Staying was the easy choice. The harder decision was what we were going to do to help our neighborhood be a safer place. Little Village has the least amount of green space per capita for all the city of Chicago, and we noticed that there weren’t a lot of kids playing outside. So at the school where Amy was teaching we got the gym opened on weekends for kids to play. Before long we were working with hundreds of kids, but we still weren’t an organization. Then the principal retired, and the new principal didn’t want children around any more after school hours.

That’s when we formalized to become Beyond the Ball. We do sports-based youth and community development, now primarily outdoors. We’re not only teaching social responsibility through sport, we’re reclaiming public space for public use.

We run after-school programs and year-round community leagues that happen in the evening. In the summer we have Project Play to get families out playing together in spaces once known for violence. We operate the largest community-based outdoor basketball tournament in the city of Chicago. In soccer we’re the first programming partner in the U.S. for the English premier league’s Premier Skills Program along with the Chicago Fire. We do volleyball, flag football, softball. We introduce kids to schoolyard games like four square, various tag games, sidewalk-chalk drawing. Our offerings start in kindergarten and go up to age 18. Everything is free.

We’re a small organization, and don’t have a development person, but we have a broad spectrum of donors. When we first started doing this work 15 years ago, very few people wanted to give to anything that was related to sport or play, which they dismissed as not serious. But now people have bought into the idea of teaching personal and social responsibility through sport.

Everything we do is about community relationships. Expansion for us doesn’t involve getting into more neighborhoods or cities. This is very personal work best done close to home.

Working in the community through sports creates opportunities to get to know people well. You’re not meeting them confrontationally. It’s parents bringing their kids to play, or siblings watching a younger brother’s game, or they are coming to play themselves. If a kid ends up joining a gang later in life, we knew them before and have some credibility. It creates a lot of very unique opportunities for relationship.

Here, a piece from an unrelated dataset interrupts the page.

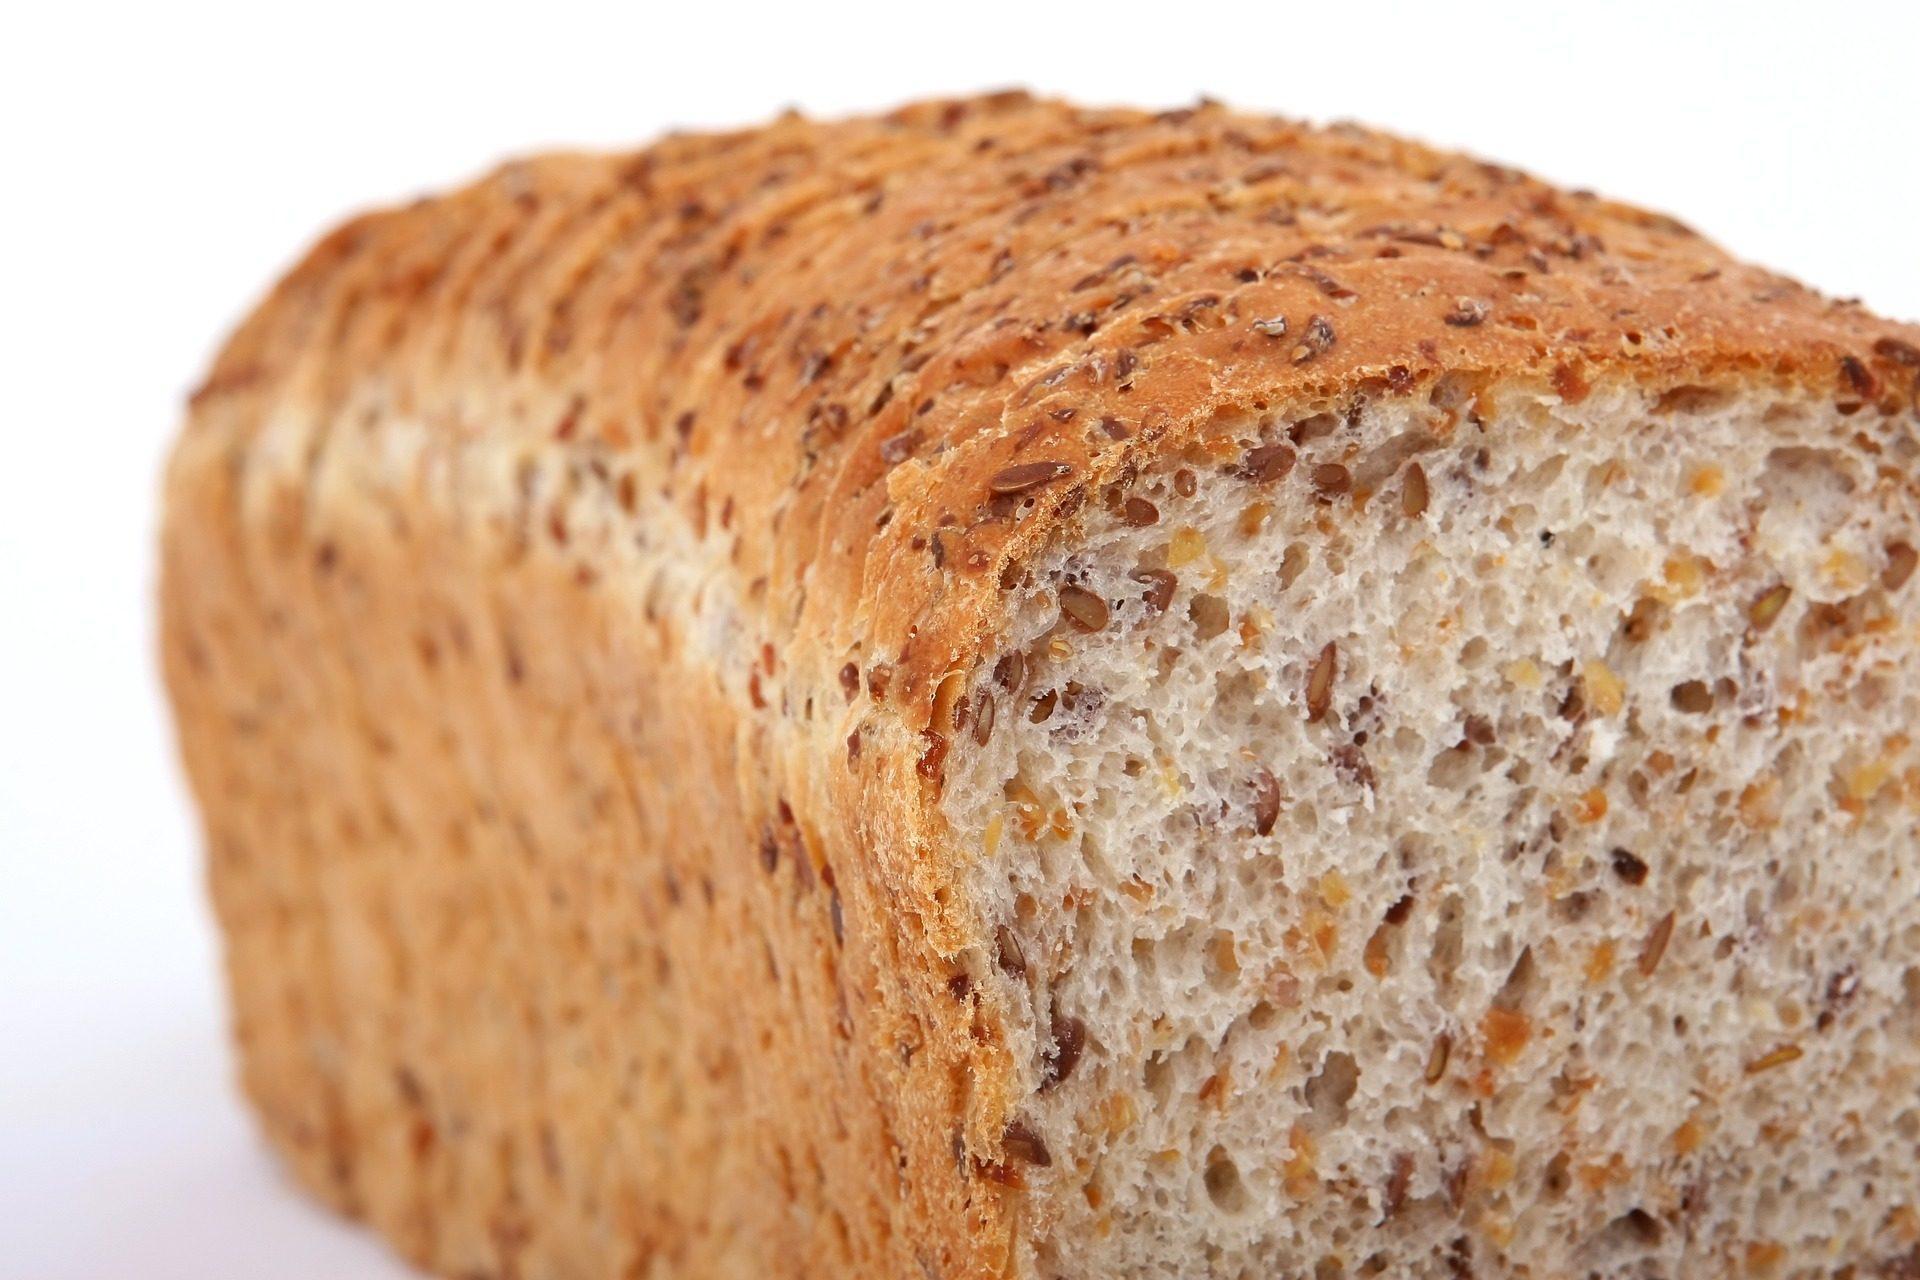 Le Pain Ne Fait Pas Toujours Grossir: Parce Que Manger

We also get neighbors, residents, parents, and youth involved as volunteers and providers, not just on the receiving end of programming. For instance our Project Play program has 30 to 50 youth volunteers every Tuesday who run that whole program.

For me personally, people playing outside is success. Chicago has the second largest park district in the country and spends more than any other park district in any city. Yet you go into the South and West sides of Chicago and you don’t see people playing outside, even in these beautiful large parks. One of the favorite parts of my job is seeing places that were once abandoned and vacant now thriving as play spaces. It has an impact on perceptions of safety, and neighborhood economic vitality. Plus all the research says that when kids play, when anybody plays, it makes them more resilient to trauma and helps them overcome chronic stress. It chips away at illnesses like obesity and depression.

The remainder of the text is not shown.